Several retailers have already received letters requesting that they either cough up or turn the music off.
PRS for Music, one of the organizations responsible for collecting fees and royalties for recording artists in the UK, has started to target game retailers' demo units. PRS claims that if a unit runs a demo that uses licensed music, then it counts as a public performance and the store needs a license.
A number of independent retailers have reported receiving letters from PRS demanding that they pay for the music that their demo units play. The cost for a license is between £140 and £465, depending on the size of the retailer, although as the music is part of a demonstration, it does qualify for a 30% discount.
PRS' head of corporate communications, Barney Hooper, said that with a proper license, retailers would be able to play whatever music they liked, whether from a demo unit, or some other source like a CD or a radio. If retailers didn't want to get a license, or couldn't afford one, Hooper suggested that they mute the sound on their demo units, so that there was no music to worry about. Hooper admitted, however, that it would be tricky to properly monitor the situation.
Demo units aren't a new idea, and it seems a little strange that PRS is only just noticing that music comes out of them. That's not to say that PRS is doing anything it shouldn't be; as Hooper said, it's not an easy situation to monitor, and many of the larger retail chains will likely already have licenses.

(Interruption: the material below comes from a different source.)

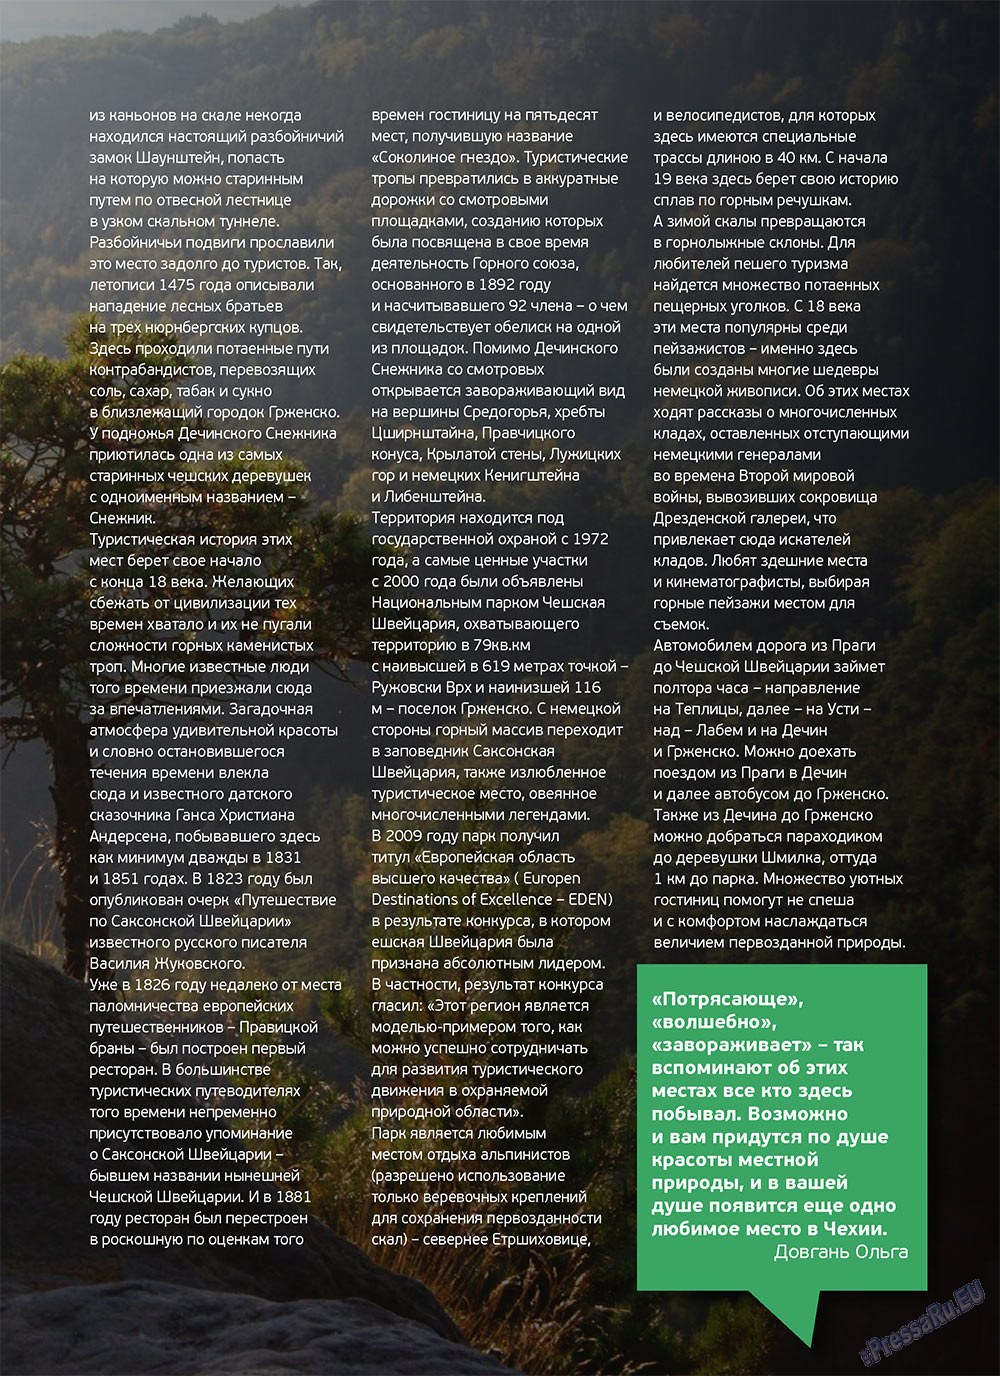 Артек (журнал). 2011 год, номер 3, стр. 33

This could be another blow to independent retailers in the UK, who are already struggling to compete against retail chains and supermarkets. If this is something that is enforceable by PRS - which is not guaranteed, as the organization has made mistakes in the past - then it makes demo units less attractive, either because they suddenly cost a lot more, or because they have to sit in silence. It's not the sort of thing that's going to bring a store down by itself, but it certainly doesn't help the smaller operators compete.